----- DATA EXCERPT
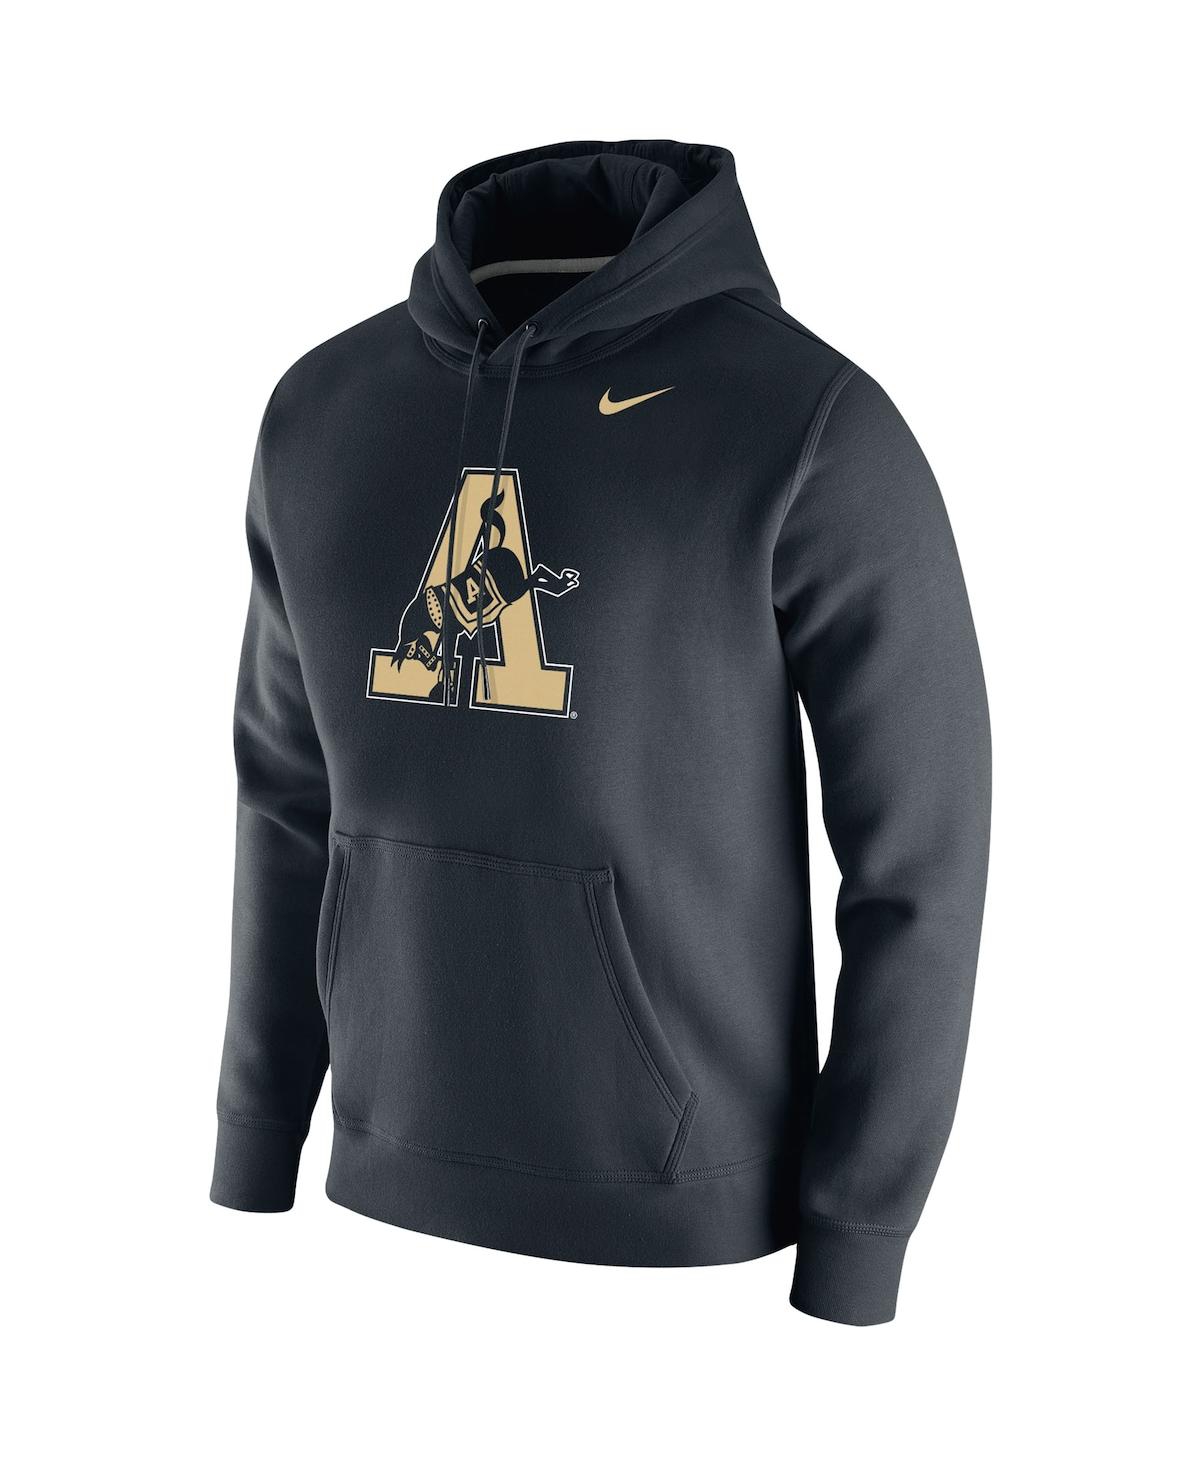 Shop Nike Men's  Black Army Black Knights Vintage-like School Logo Pullover Hoodie
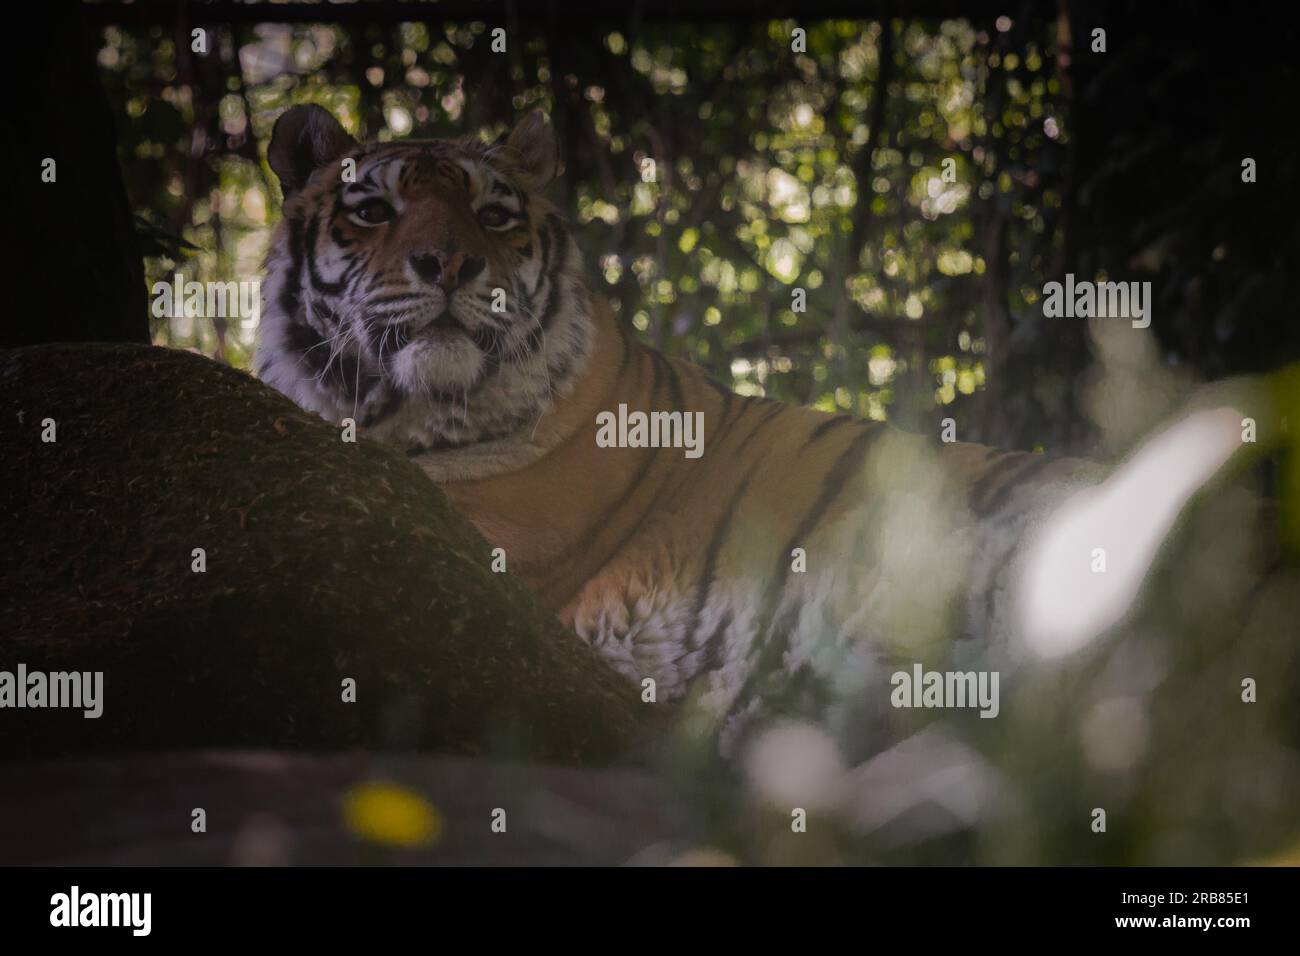 Dieses Foto zeigt einen erwachsenen Tiger, der in einem Wildpark lebt. Der Tiger sieht entspannt und neugierig aus und genießt die geräumige und natürliche Umgebung Stockfoto
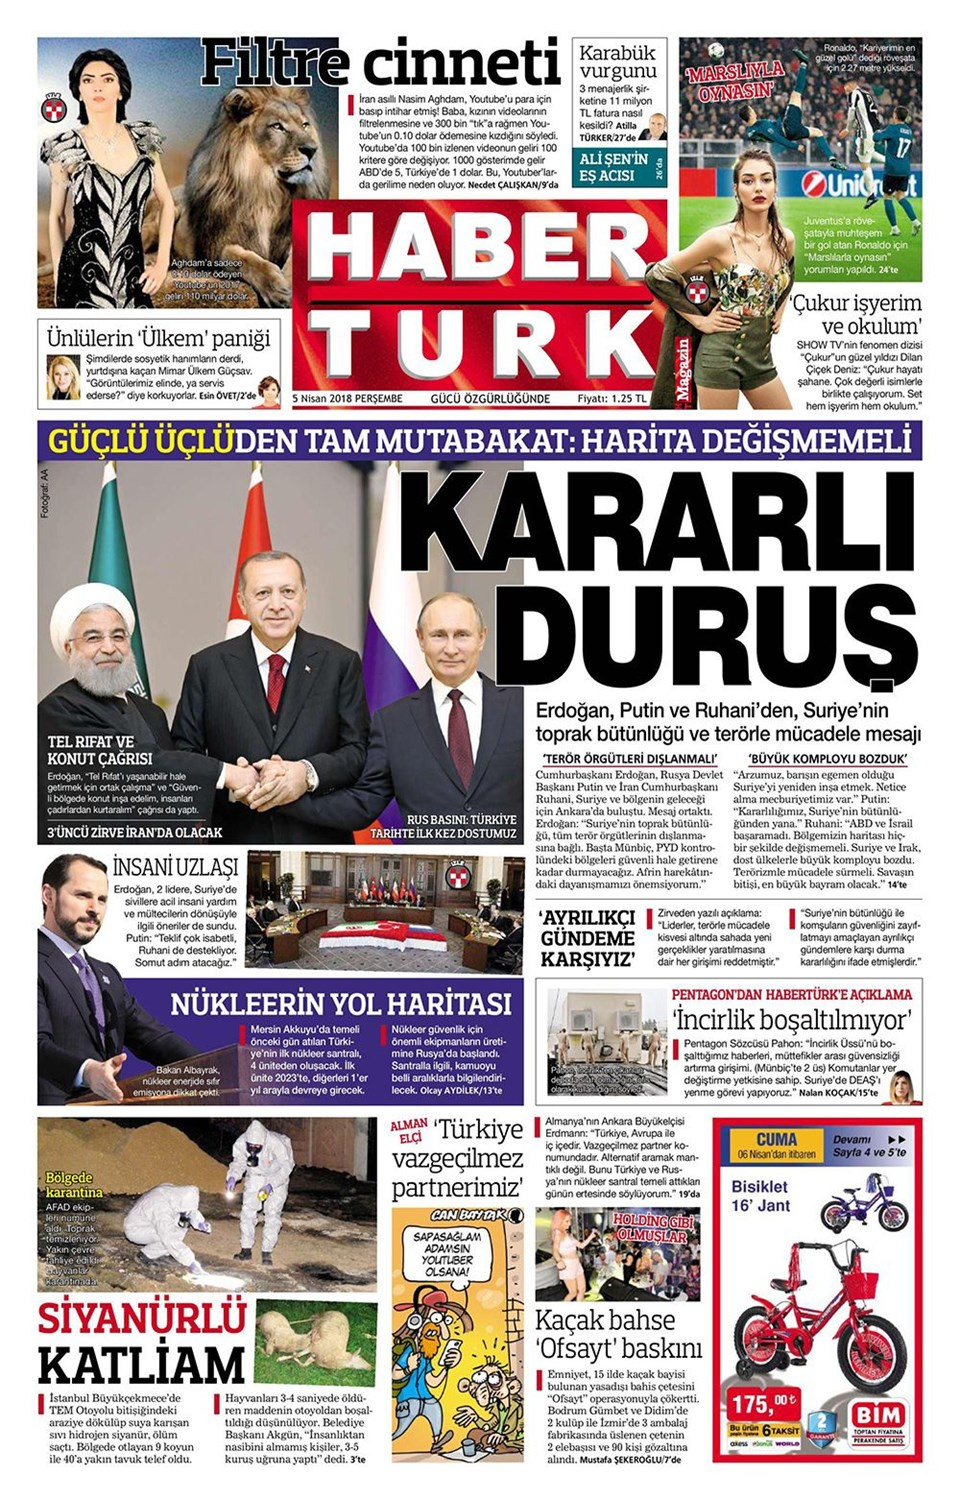 Gazete manşetleri 5 Nisan 2018 Hürriyet - Sözcü - Posta
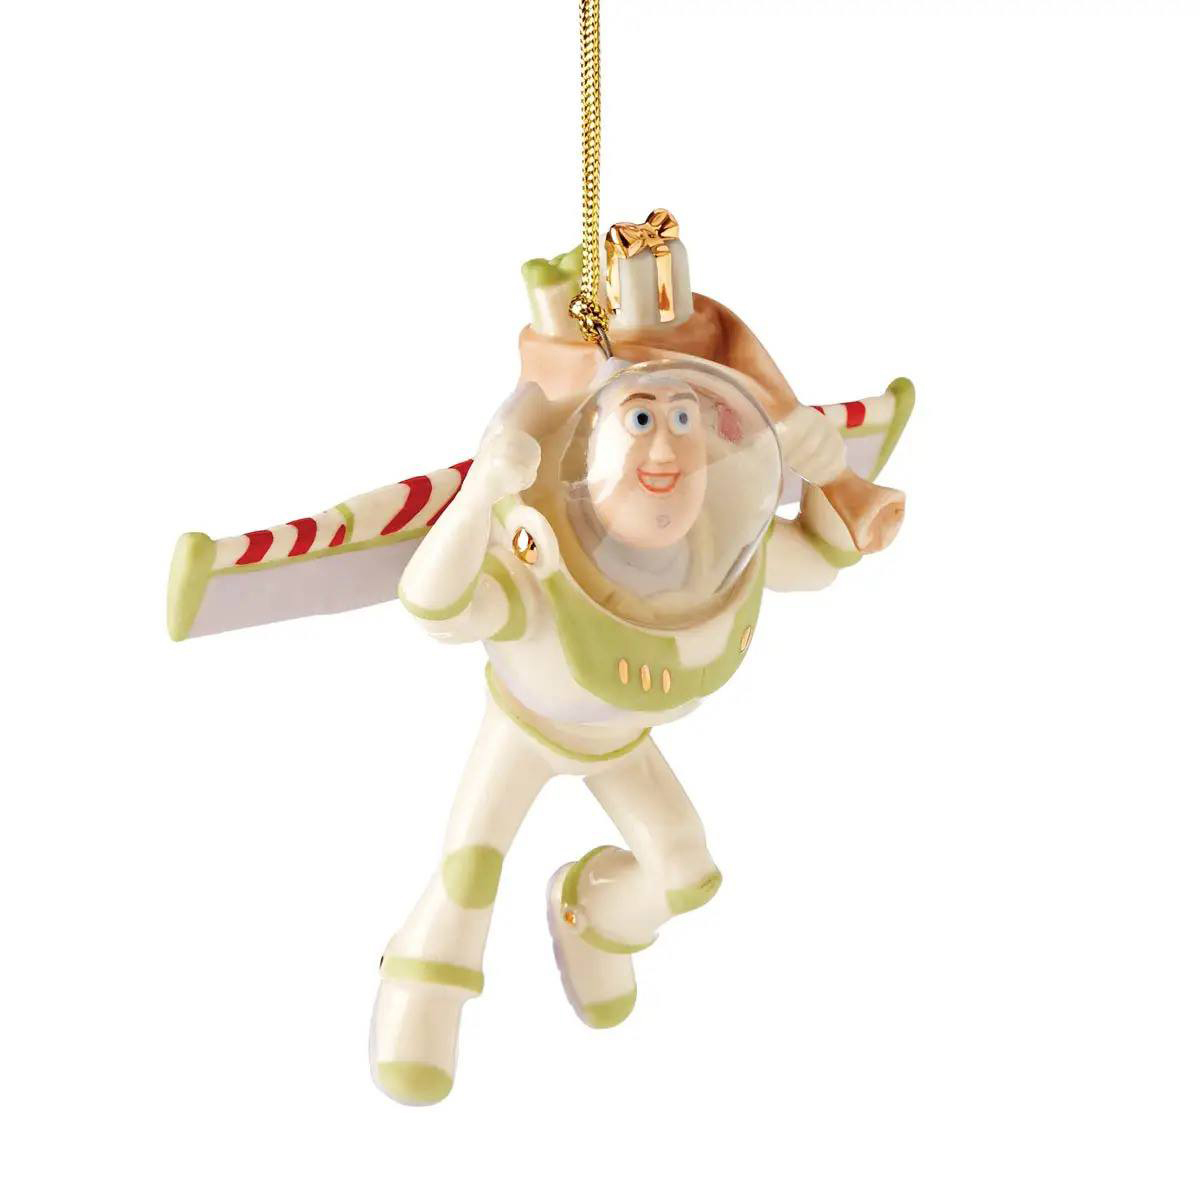 Lenox(R) Buzz Lightyear Ornament
----------
Your copy should consist only of the lines from the line holding "Gazete manşetleri 5" through the final line of the listing above, both included, with all pictures omitted.

EXERCISE RESULT:
 Gazete manşetleri 5 Nisan 2018 Hürriyet - Sözcü - Posta
 Lenox(R) Buzz Lightyear Ornament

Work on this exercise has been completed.